Contributing to this inequality is the fact that while more Americans are working than at any time since August 2007, more people are working part time, erratic and unpredictable schedules—without full-time, steady employment. Since 2007, the number of Americans involuntarily working part time has increased by nearly 45 percent. More Americans than before are part of what’s considered the contingent workforce, working on-call or on-demand, and as independent contractors or self-employed freelancers, often with earnings that vary dramatically month to month.

These workers span the socioeconomic spectrum, from low-wage workers in service, retail, hospitality and restaurant jobs—and temps in industry, construction and manufacturing—to highly educated Americans working job-to-job because their professions lack fulltime employment opportunities given the structure of many information age businesses. As Andrew Stettner, Michael Cassidy and George Wentworth point out in their new report, A New Safety Net for an Era of Unstable Earnings, what all these workers have in common are highly volatile, unstable incomes and a lack of access to the traditional U.S. unemployment insurance safety net.

“The programs we have to help people are very biased toward traditional incomes,” says Stettner, senior fellow at The Century Foundation. “Volatility in earnings is a really big problem.”

“Those with the least to lose are most likely to lose it”

Published by The Century Foundation, a progressive, nonpartisan think tank, in collaboration with the National Employment Law Project (NELP), which advocates for policies that expand access to work and labor protections for low-wage workers, the report found that those in the contingent or nontraditional workforce “experience nearly twice as much earnings volatility as standard workers.”

It also found that because of this situation, between 2008 and 2013, three out of five prime earners experienced at least as much as a 50 percent drop in their month-to-month income. Half experienced month-to-month income drops of more than 100 percent.

“This broad issue of underemployment,” says NELP senior counsel George Wentworth, “there’s less of a light on it and these people are not showing up in national unemployment figures.
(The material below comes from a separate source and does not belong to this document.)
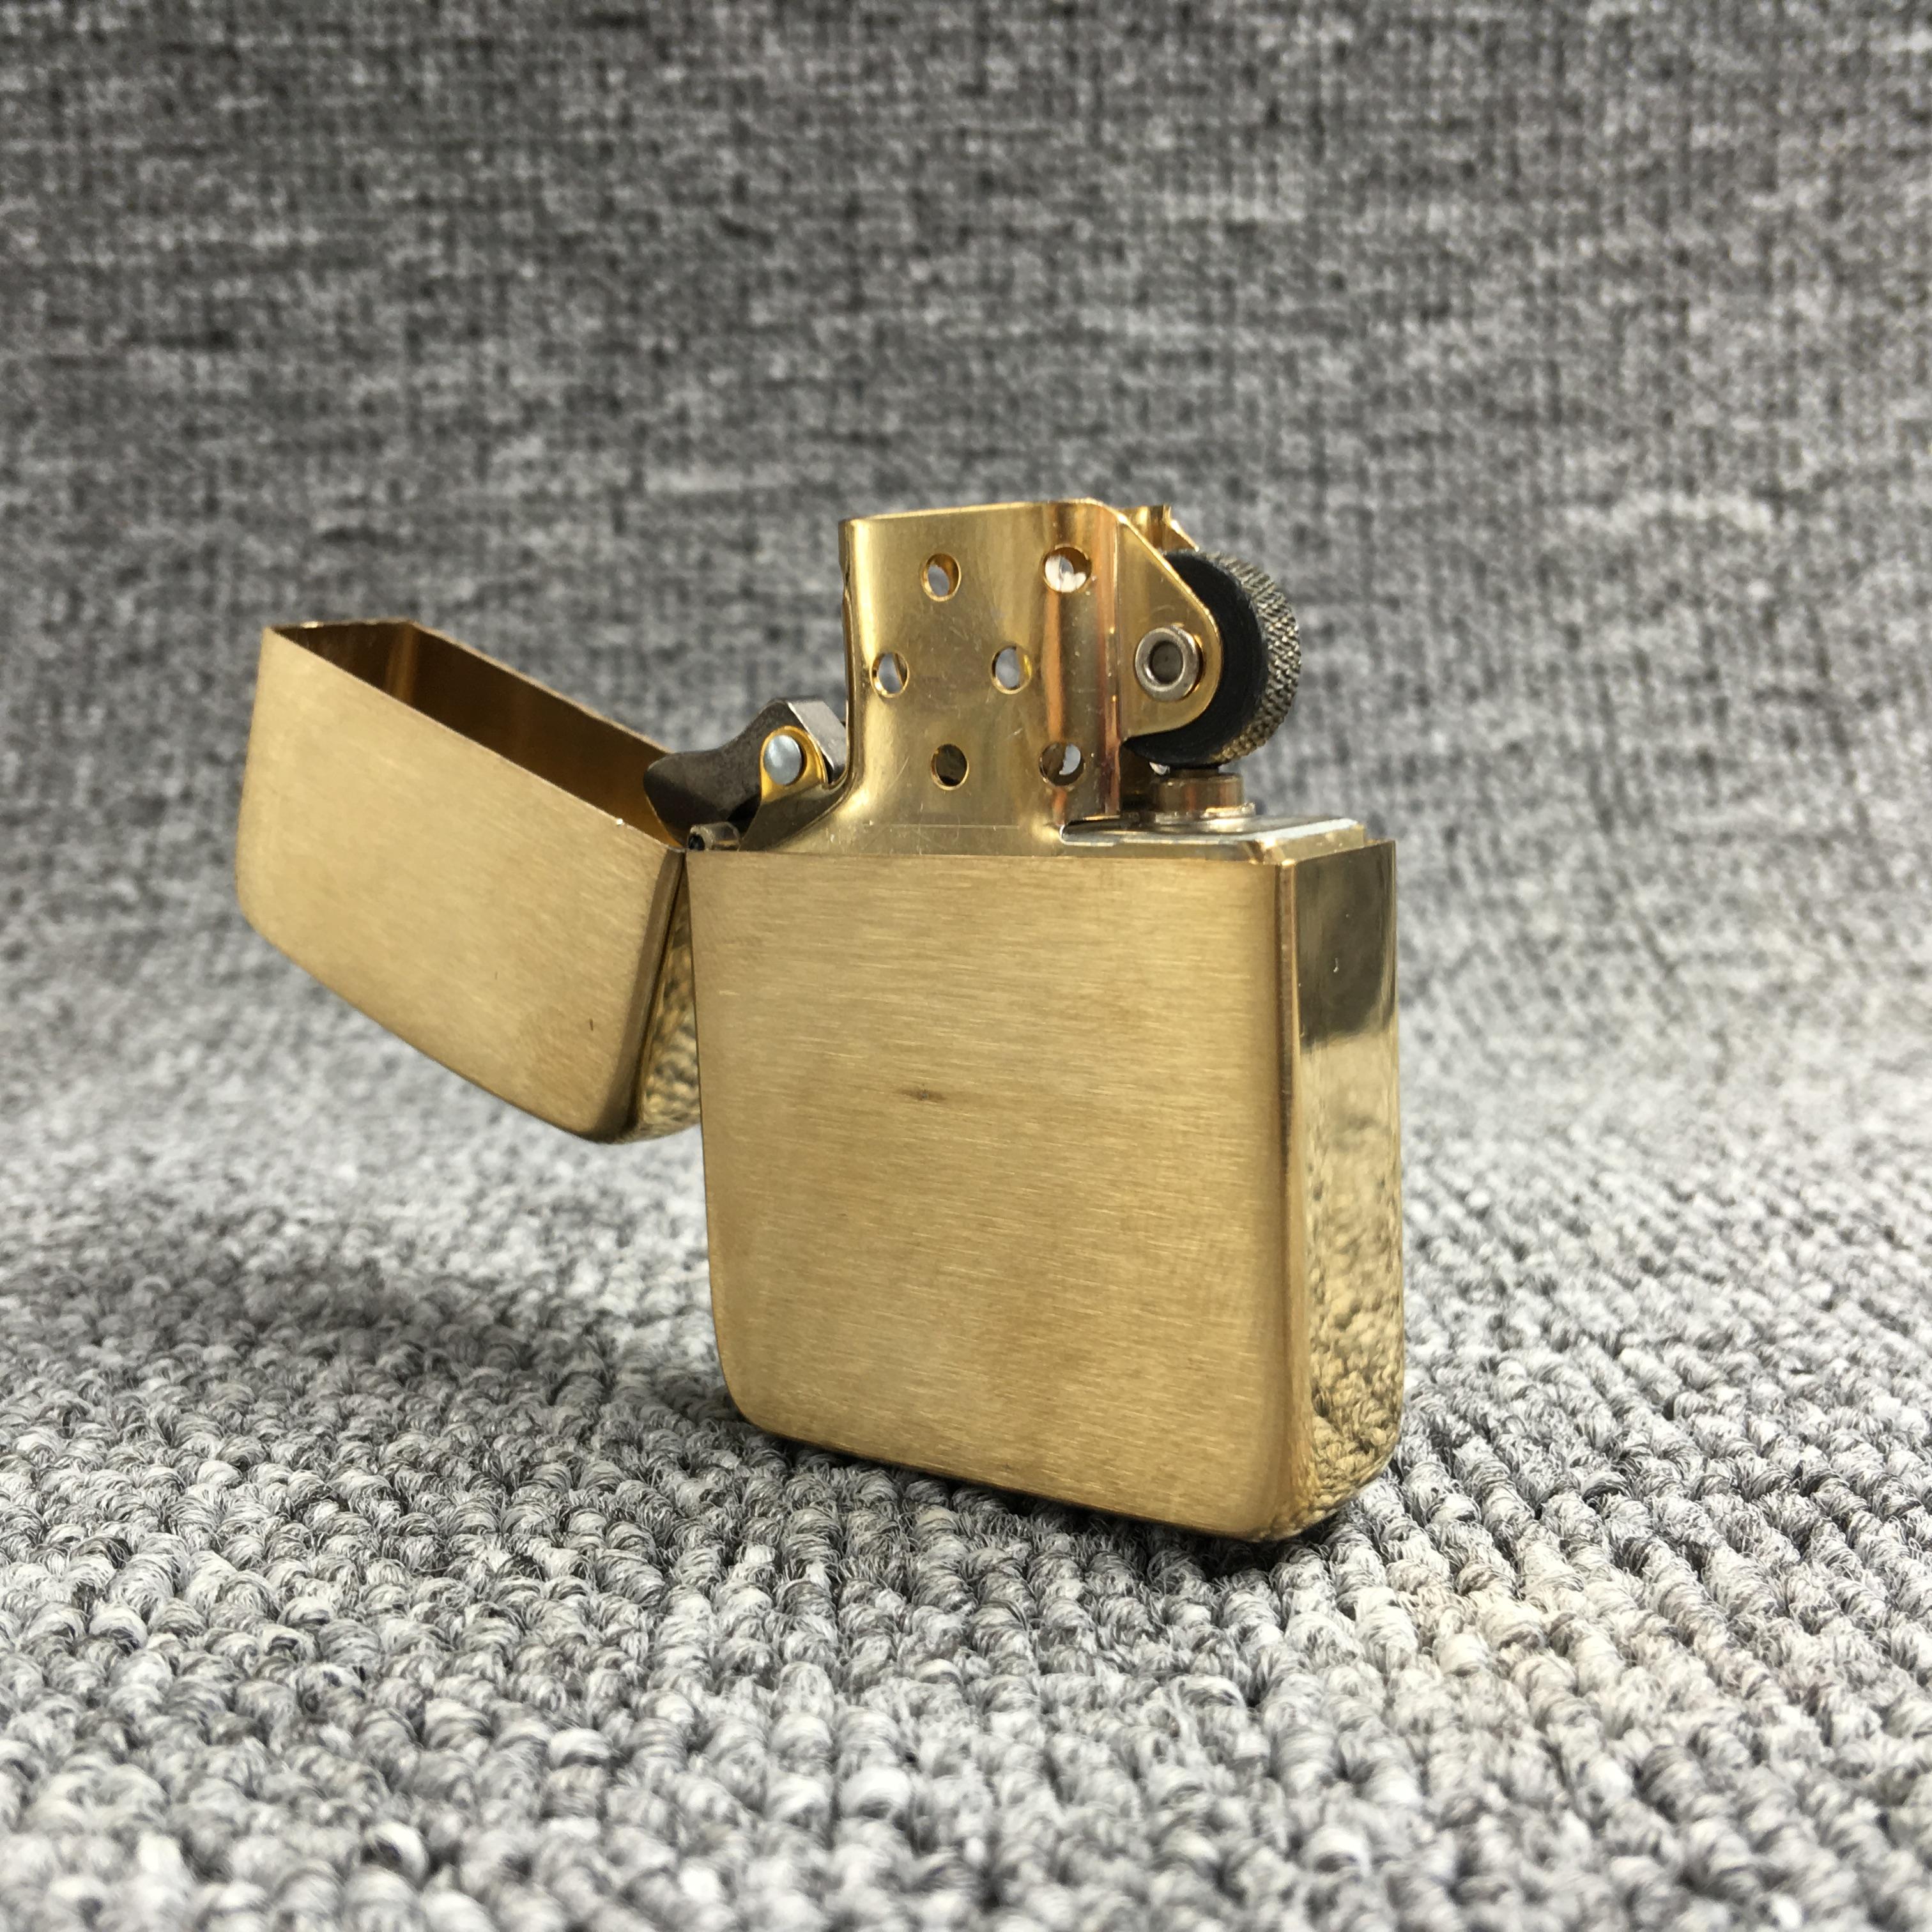 zippo打火机原装正品纯铜复刻版1941B二战拉丝光板煤油打火机包邮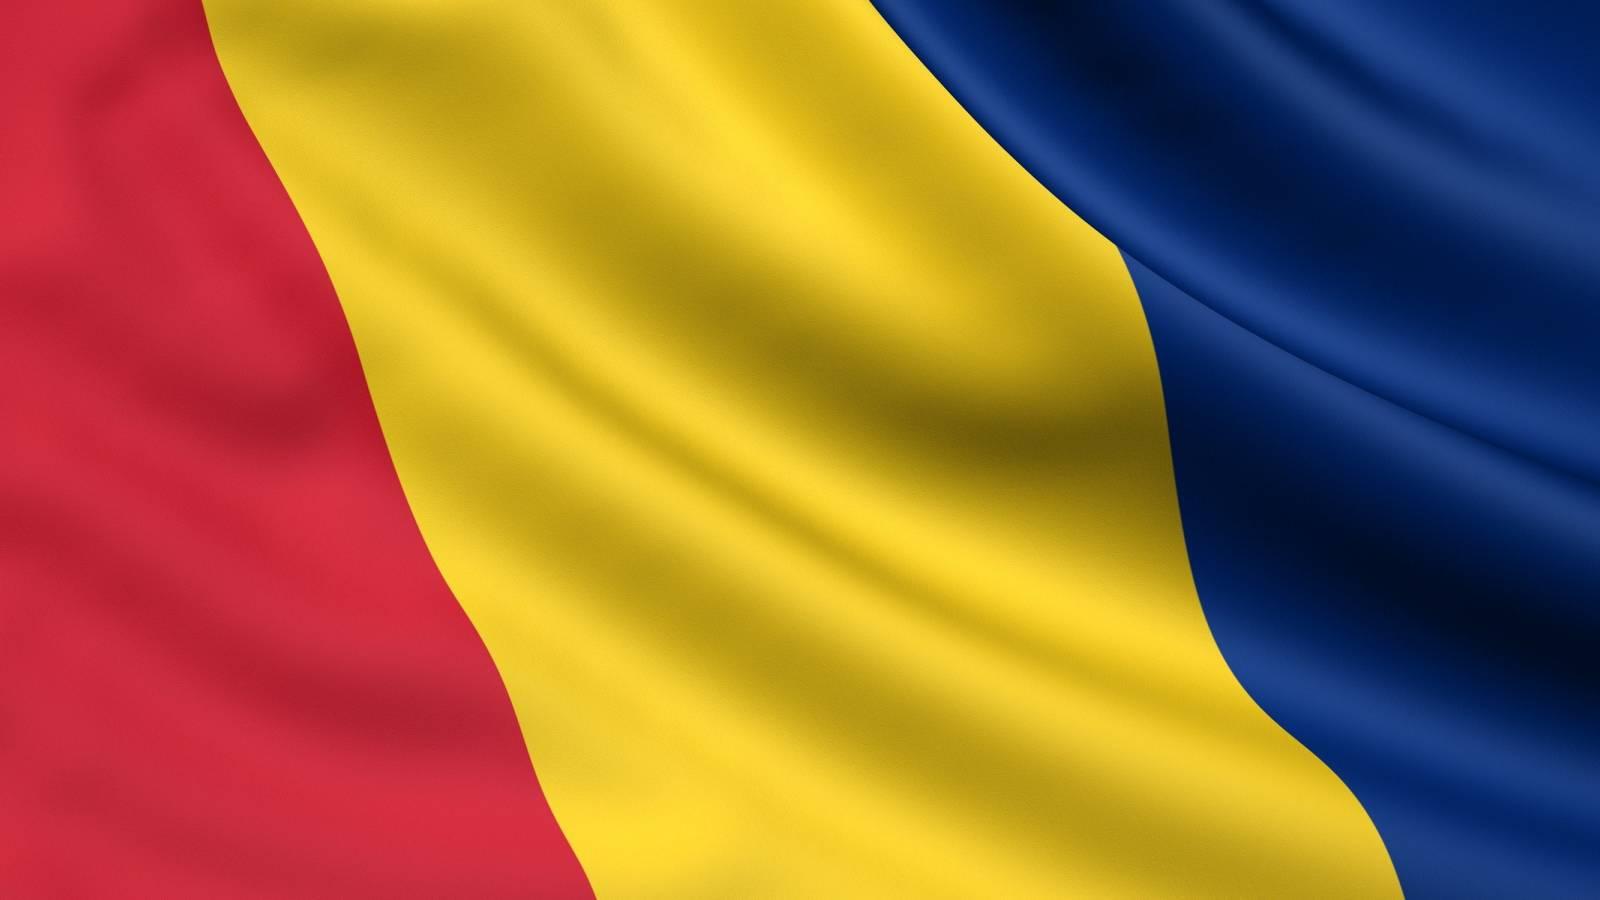 Vaccinarea Impotriva Coronavirus in Romania Continua cu 12.082 Imunizari

But these workers are struggling and many of them are not making ends meet.”

Central to this problem is that most workers now employed part time are making less than what they made previously, working full time. At the same time, their part-time or independent contractor status means they are likely not eligible for a full complement—if any, in the case of self-employed freelancers—of standard employment benefits, including employer paid health insurance or any form of unemployment insurance, explains Wentworth.

As the report notes, “Those with the least to lose are most likely to lose it.”

Policy recommendations

Both Stettner and Wentworth explain that historical policy responses—and those set up to help workers laid off during the Great Recession—focus on traditional employment situations. Typical unemployment insurance is also biased against those who take up part-time or self-employment gigs while they’re looking for new full-time jobs by reducing unemployment payments. Some states have partial unemployment benefits designed for part-time workers, including those who’ve involuntarily had their hours reduced, but these vary widely. The report found that for workers whose hours are cut from full time to part time, “ten states would replace half of their lost earnings while fourteen states would provide no benefits at all.”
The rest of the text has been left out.